きっと、寂しそうと思ったのは間違いだ。目を細めて微笑んでいる渉に見惚れていると、光が一つ絶えたらしい。濃淡の差が大きくなった。
あっと思って手元を見ると、あんずの持つ線香花火が消えていた。
「フフフ……♪」
「負けちゃいました。どれくらい保つでしょうねぇ」
そう言ってあんずは渉の線香花火を見下ろした。ジジ…と大きな光の玉が先端で揺れている。雫になりそうでならない、絶妙なバランスでそこにいた。気を抜くとふっと消えてしまいそうなところは、渉の言う通り蛍のようにも見える。

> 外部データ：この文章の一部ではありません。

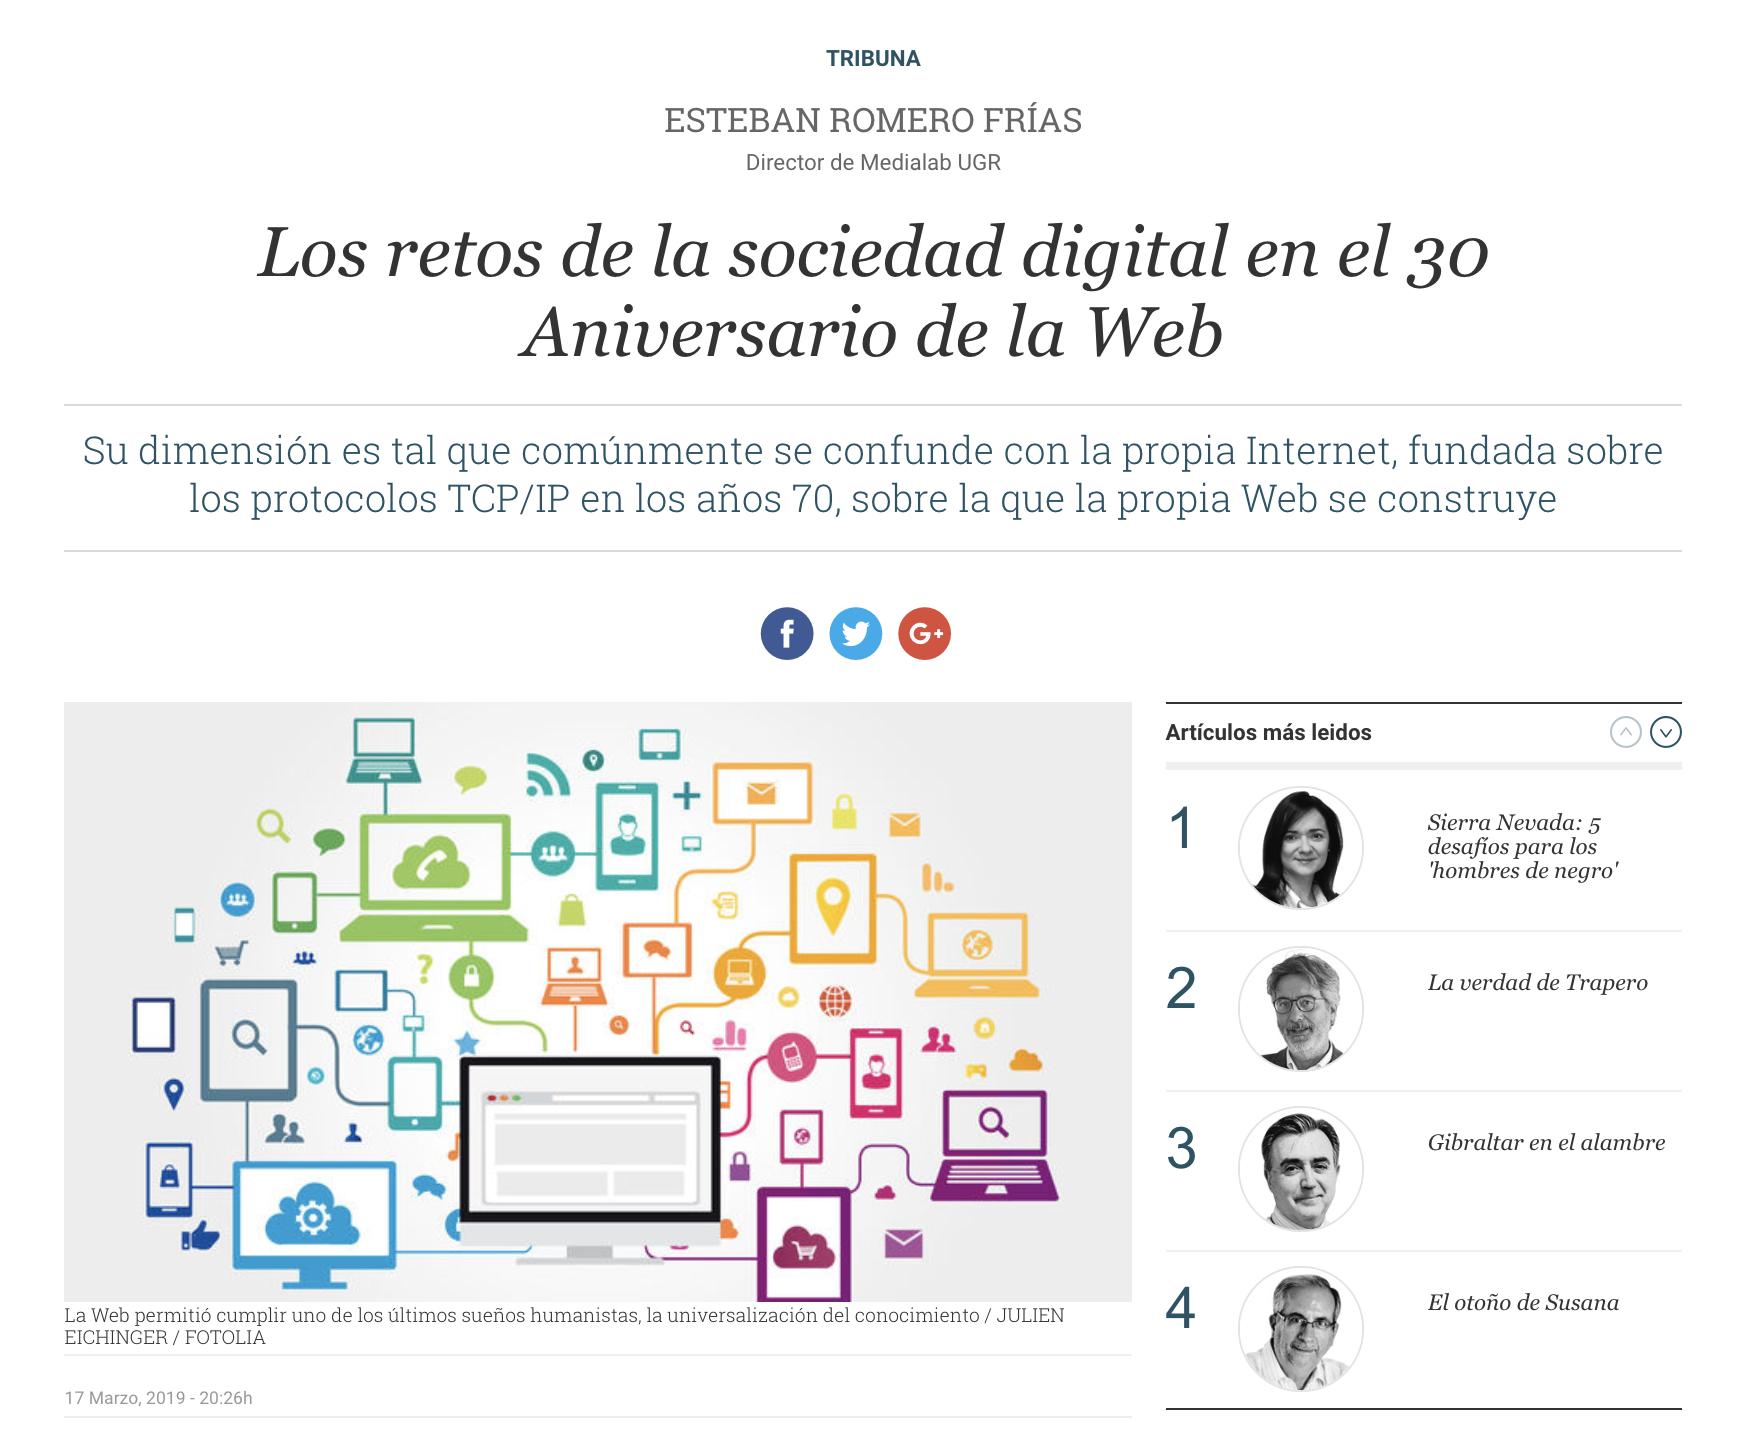 Los retos de la sociedad digital en el 30 Aniversario de la Web

今まで見たことがないほどの大きさになっているので、あんずはどこまでいけるのかと興味津々に、食い入るように見つめていた。
「ところであんずさん」
「はい?」
不意に聞こえた渉の声にあんずが振り返る。その途端、彼の輪郭がふっと弱まった。
暗くなったのは線香花火が落ちたからだ。そう理解していても、今ここはろうそくと夜空の明かりしかないのだとわかっていても、あんずは目を凝らして渉の輪郭を探した。
「どうして私の顔、見てたんですか?」
それは美しさとは関係なく、ただ、彼を知りたかったからだ。
無意識に伸ばしていた手が渉の頬に触れる。親指でそっと撫でると、渉は驚いたように、けれど静かに目を見開いた。自分の気持ちを思い出したあんずは、ふっと笑って答えた。
「気になったんです。渉さんのこと」
悲しいのに笑っているから。そう伝えると、渉は悲しそうな顔をしていた。それも、そう言ったからかもしれないと、あんずは首を振って、なんでもないように見せた。
きらりと揺らぐ淡い紫の瞳にあんずが映った。それは一瞬、もしかしたら気のせいかもしれないくらい、儚い出来事だった。